The GWRA seeks to provide stability within the grocery industry, protecting workers rights and promoting retention while providing for a workforce experienced and knowledgeable in food preparation, health regulations and sanitation procedures. As such, the legislation will help to maintain safe and reliable service to families that depend on their local supermarkets for dietary and nutritional needs. Full Release


“Today is a great day for thousands of hardworking men and women in our city’s grocery industry, as well as for the communities and families who rely on these workers for their nutritional needs. When we retain skilled workers to handle our groceries such as produce, poultry and meats, we help to ensure that proper food preparation, along with proper health and sanitation procedures, are observed,” said Council Member I. Daneek Miller, Chair of the Committee on Civil Service and Labor. “Through this legislation we are able to provide communities with stability that would otherwise not exist during grocery transitions. We have already seen the terrible impact that A&P’s bankruptcy had on families throughout the City, and we don’t want to see such again. I thank my colleagues at the Council, including Speaker Melissa Mark-Viverito and the Progressive Caucus, along with our labor and community supporters for their passionate advocacy and support of this legislation.”

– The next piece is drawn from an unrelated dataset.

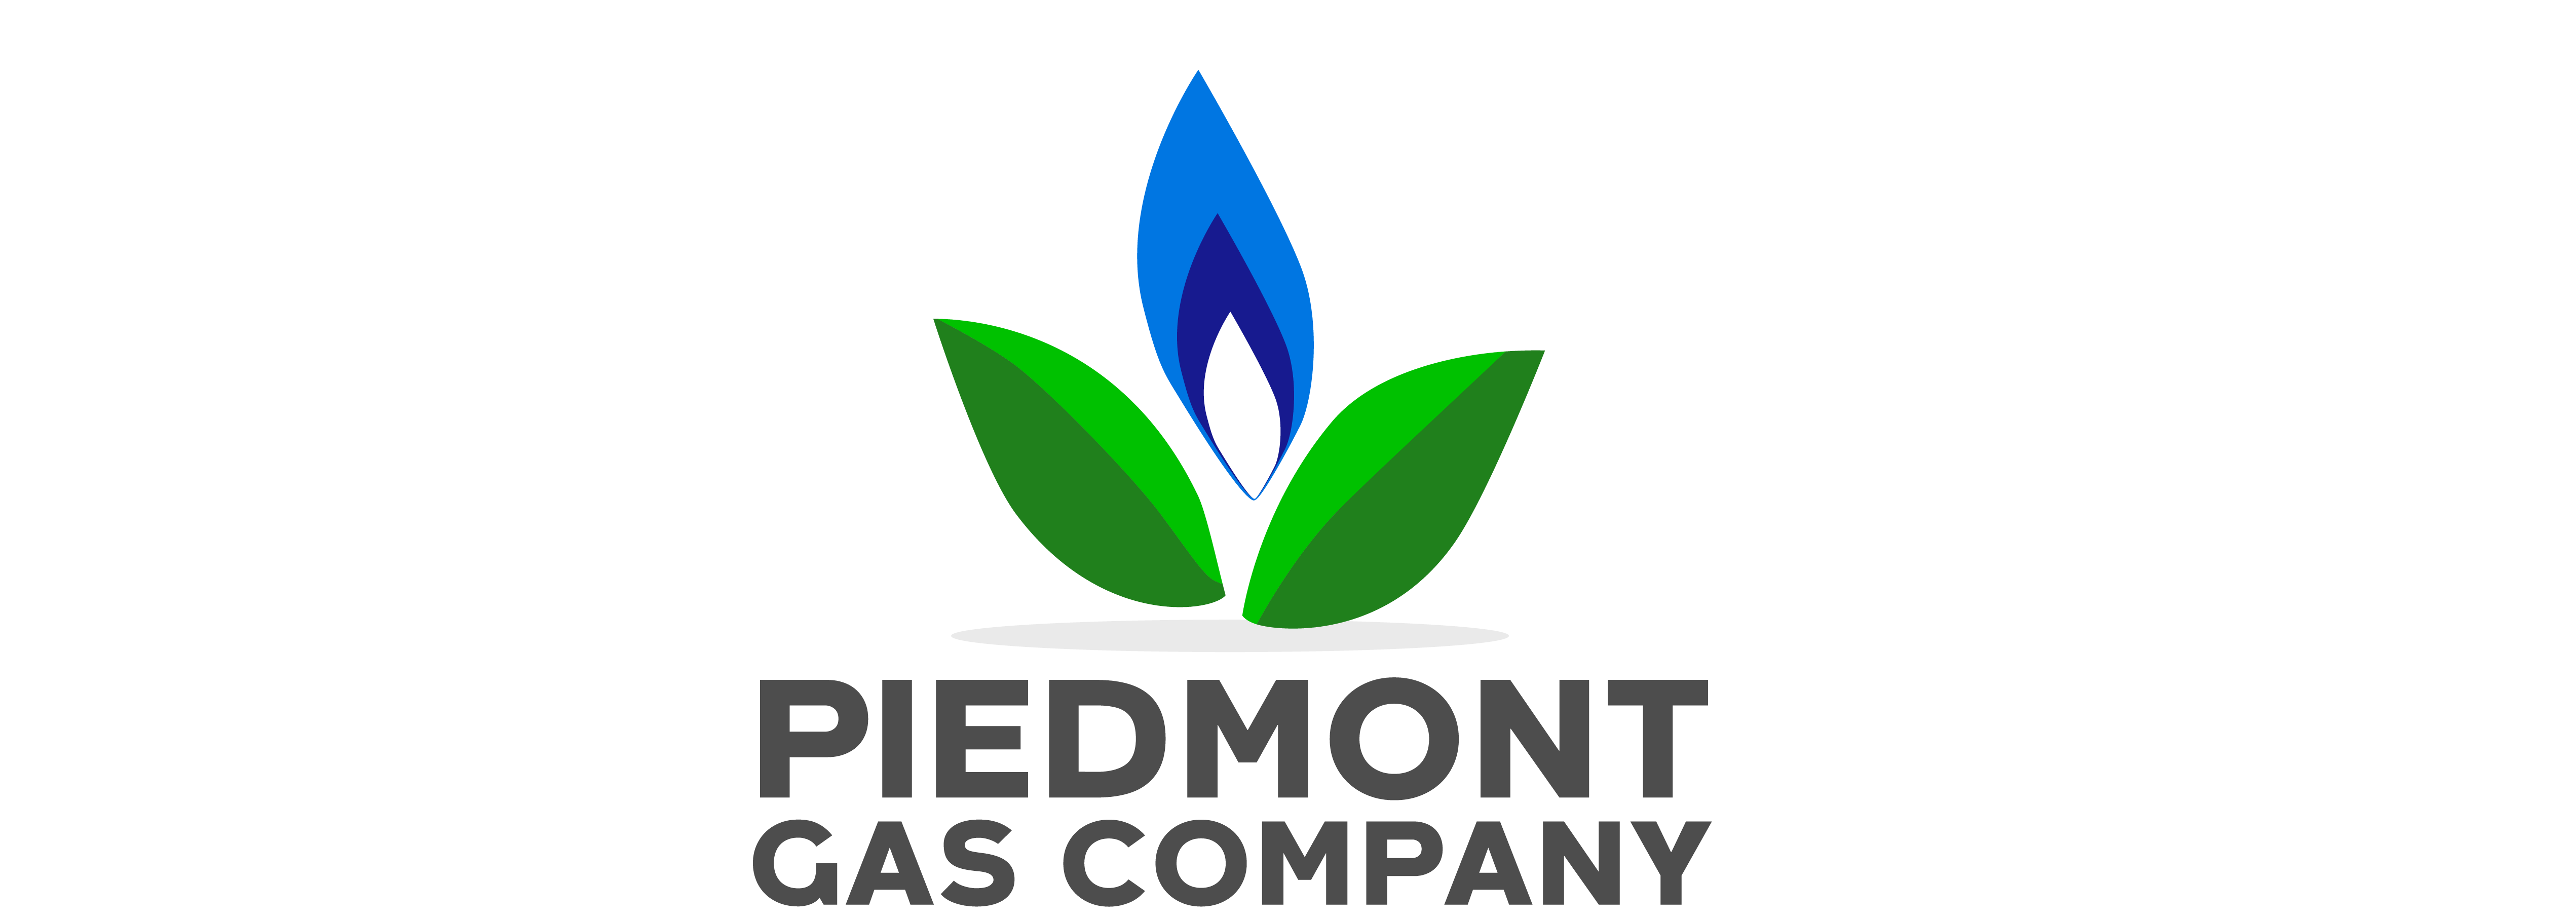 Piedmont Gas Company

“Providing a transition period for grocery workers is a smart, considerate measure to allow workers an opportunity to seek new employment without relying on public assistance, as well as giving new ownership a time period to evaluate current employees and consider keeping them on staff, rather than blindly cleaning house,” said Council Member Donovan Richards, co-chair of the Progressive Caucus. “I’d like to thank my colleague, Council Member Miller, for bringing this issue to the attention of the City Council and I encourage my colleagues to support this bill when it comes to the floor later today.”

“The Grocery Workers Retention Act is a well thought out bill that creates an important transition period and will raise standards for vulnerable workers across the city’s grocery store industry,” said Council Member Brad Lander. “The transition period called for in this bill gives workers a chance to organize when a store comes under new management, allowing workers a chance to recoup back pay, front pay, and even retain their jobs, or a window to find a new job if needed. We’ve been protecting building service workers in a similar way, right here in New York for over a decade, and cities across the country have already taken similar steps to protect grocery store employees. The GWRA is a key step to achieving much needed protections for workers facing highly uncertain times.”

“Grocery workers who have worked faithfully for years, and sometimes decades, for their employers deserve respect and acknowledgment for their service. This important legislation will provide necessary protections for workers facing an uncertain future due to the increasing number of sales, mergers and imminent closures of supermarkets throughout our City. I thank Council Member Miller, advocates and grocery workers for leading the way in this effort to give thousands of New Yorkers valuable peace of mind in an uncertain time for the grocery industry,” said Council Member Margaret Chin.

“Workers deserve to know their knowledge, experience, and service to the neighborhoods they live and work in matters,” said Council Member Ben Kallos. “The passage of the Grocery Worker Retention Act provides working families with financial stability and ensures communities will continue to be served by an experienced workforce.”

“Workers should not be blown away by the winds of change whenever corporate conglomerates decide to treat businesses like trading cards,” said Council Member Ydanis Rodriguez, sponsor of Int 1011, which would enact a transition period within the food service industry. “To avoid the sudden shocks brought on by new management, mergers or other changes in which workers have no say, we at the Council are standing up. No more sudden layoffs; no more mass firings. Its time to put an end to these cruel practices and support our workers.”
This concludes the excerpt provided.